QCMetrics Module¶
The QCMetrics module calculates quality control metrics for single-cell RNA-seq data, including gene and UMI counts per cell, as well as the percentage of reads mapping to mitochondrial and ribosomal genes.
Overview¶
Quality control (QC) is a critical step in single-cell RNA-seq analysis. This module uses Scanpy's pp.calculate_qc_metrics
function to compute standard QC metrics and, optionally, generates visualizations of the distributions.
Parameters¶
Parameter | Type | Default | Description |
---|---|---|---|
mito_pattern |
string | ^MT- |
Regex pattern to identify mitochondrial genes |
ribo_pattern |
string | ^RP[SL] |
Regex pattern to identify ribosomal genes |
create_plots |
boolean | True |
Whether to generate plots of QC metrics |
plot_title |
string | None | Title for generated plots |
layer_key |
string | None | If provided, calculate metrics on this layer instead of .X |
Example Configuration¶
- name: pre_qc
type: QCMetrics
params:
mito_pattern: "^MT-"
ribo_pattern: "^RP[SL]"
create_plots: true
plot_title: "Pre-filtering QC Metrics"
Input/Output¶
Inputs¶
data
: An AnnData object containing single-cell data
Outputs¶
- Updates the
data
object with: .obs['n_genes_by_counts']
: Number of genes with positive counts in each cell.obs['total_counts']

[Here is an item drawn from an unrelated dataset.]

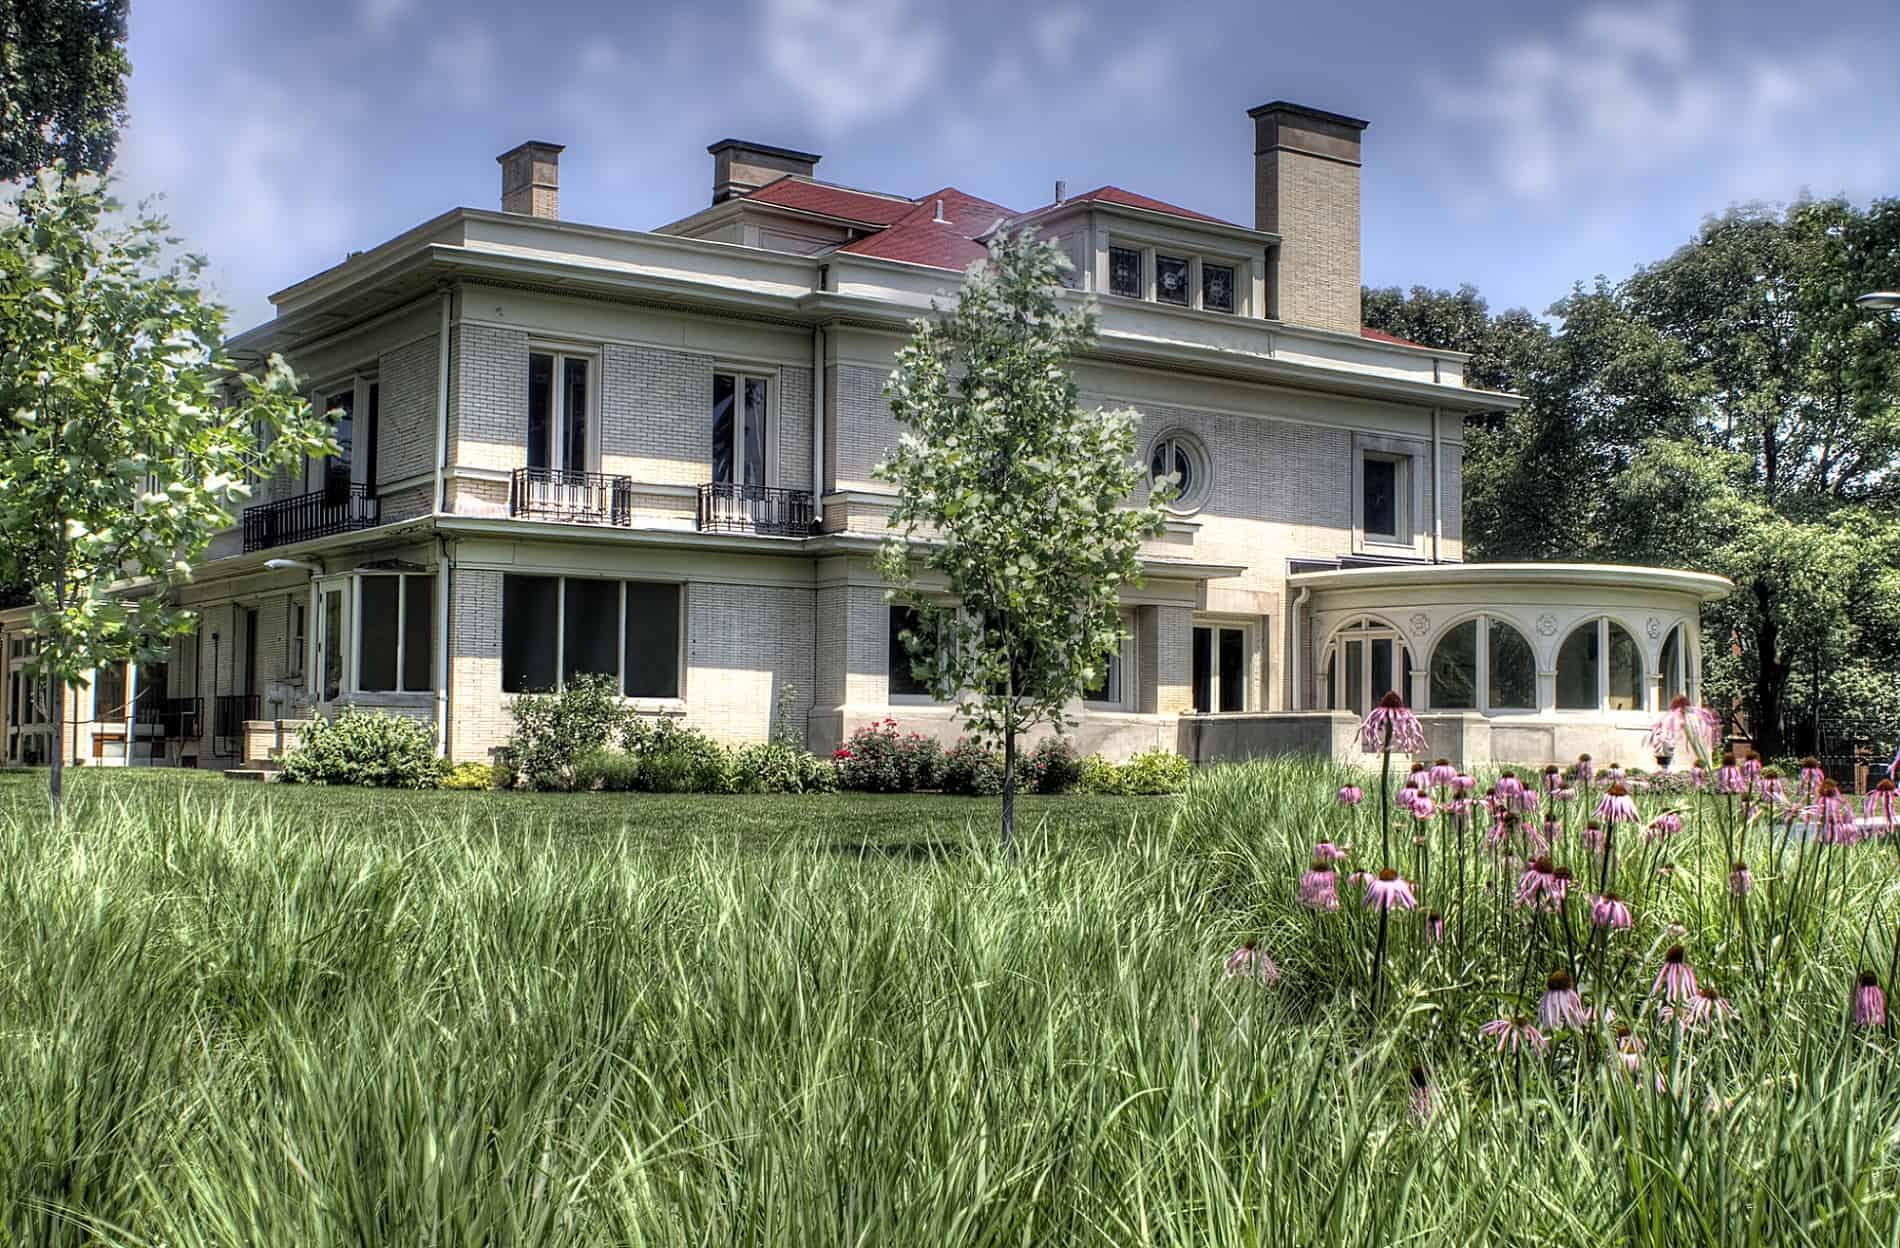 The Pleasant Home in Oak Park IL

: Total counts per cell.obs['pct_counts_mt']
: Percentage of counts in mitochondrial genes.obs['pct_counts_ribo']
: Percentage of counts in ribosomal genes- Visualization of these metrics in the report (if
create_plots
isTrue
)
Functionality¶
The module performs the following operations:
- Calculates basic QC metrics (genes and UMIs per cell)

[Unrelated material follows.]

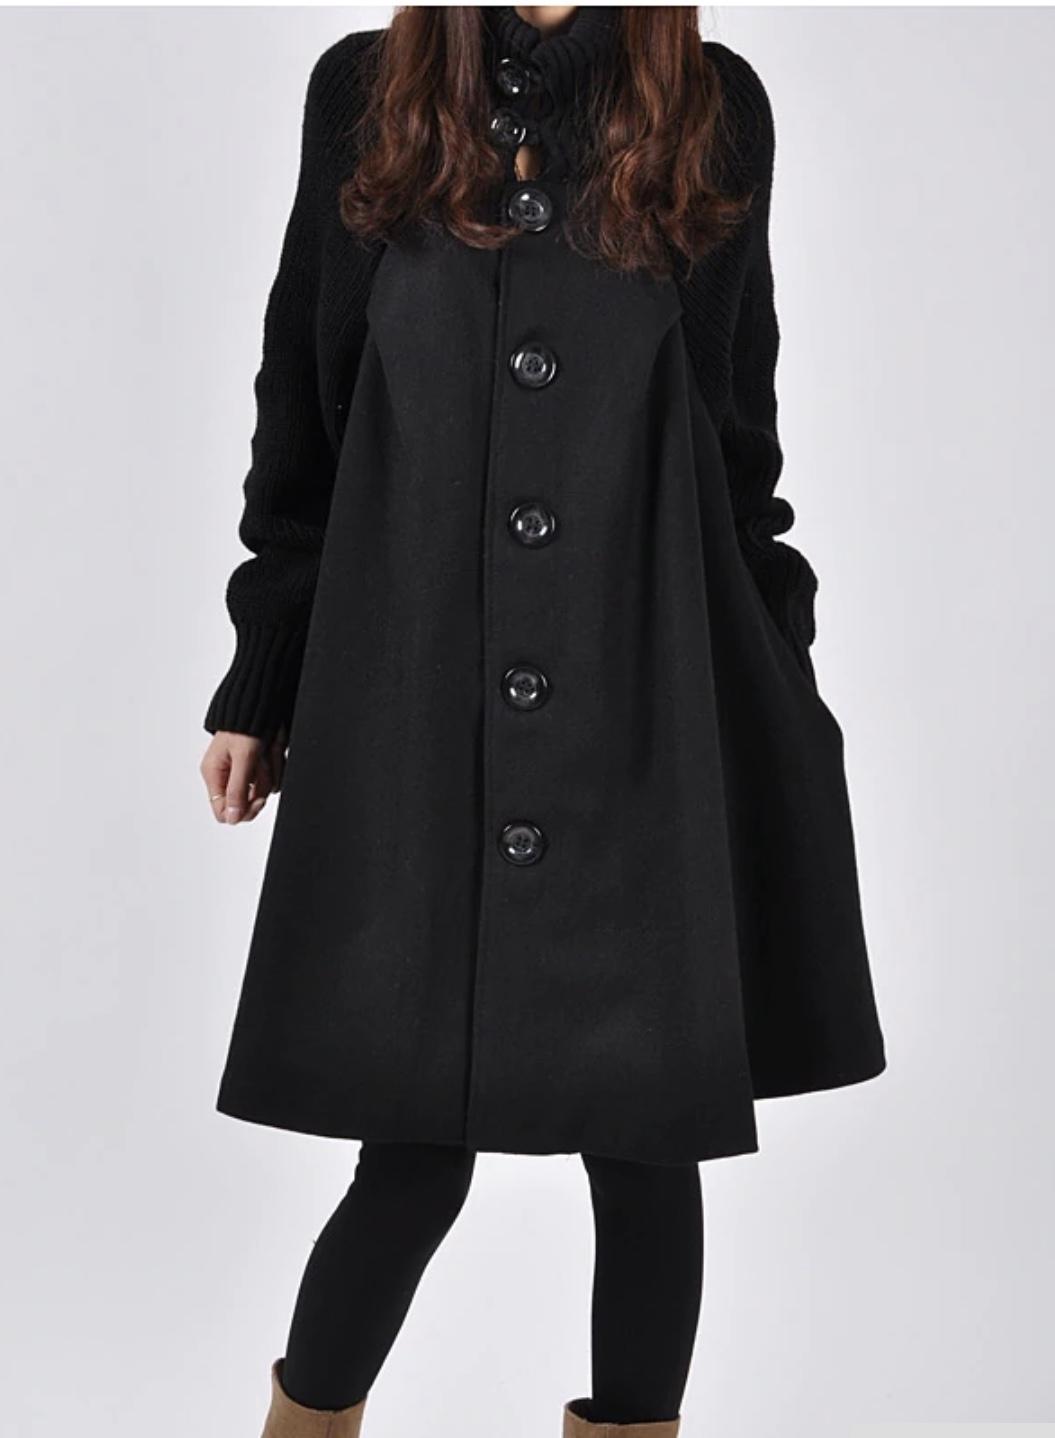 Manteau court évasé boho boheme chic coat0114

- Identifies mitochondrial genes based on the provided pattern
- Calculates the percentage of reads mapping to mitochondrial genes per cell
- Identifies ribosomal genes based on the provided pattern
- Calculates the percentage of reads mapping to ribosomal genes per cell
- Optionally generates violin plots showing the distribution of these metrics
Visualization¶
When create_plots
is set to True
, the module generates violin plots for:
- Number of genes detected per cell
- Total UMI counts per cell
- Percentage of counts from mitochondrial genes
- Percentage of counts from ribosomal genes
These plots are saved as images and included in the final report.
Usage Notes¶
- This module may be run twice in a pipeline: once before filtering to identify outliers and again after filtering to confirm the effectiveness of filtering steps.

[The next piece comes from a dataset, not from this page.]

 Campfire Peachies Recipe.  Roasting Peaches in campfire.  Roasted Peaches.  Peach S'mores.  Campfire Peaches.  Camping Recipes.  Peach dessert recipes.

- Different organisms may require adjusting the
mito_pattern
andribo_pattern
. For example: - Human:
^MT-
(mitochondrial),^RP[SL]
(ribosomal) - Mouse:
^mt-
(mitochondrial),^Rp[sl]
(ribosomal) - High mitochondrial percentage often indicates cell stress or apoptosis
- High ribosomal percentage may indicate cell stress or high protein synthesis activity
Implementation Details¶
The module uses Scanpy's pp.calculate_qc_metrics
function, which computes:
- Number of genes detected per cell
- Total counts per cell
- Percent of counts in feature subsets (e.g., mitochondrial genes)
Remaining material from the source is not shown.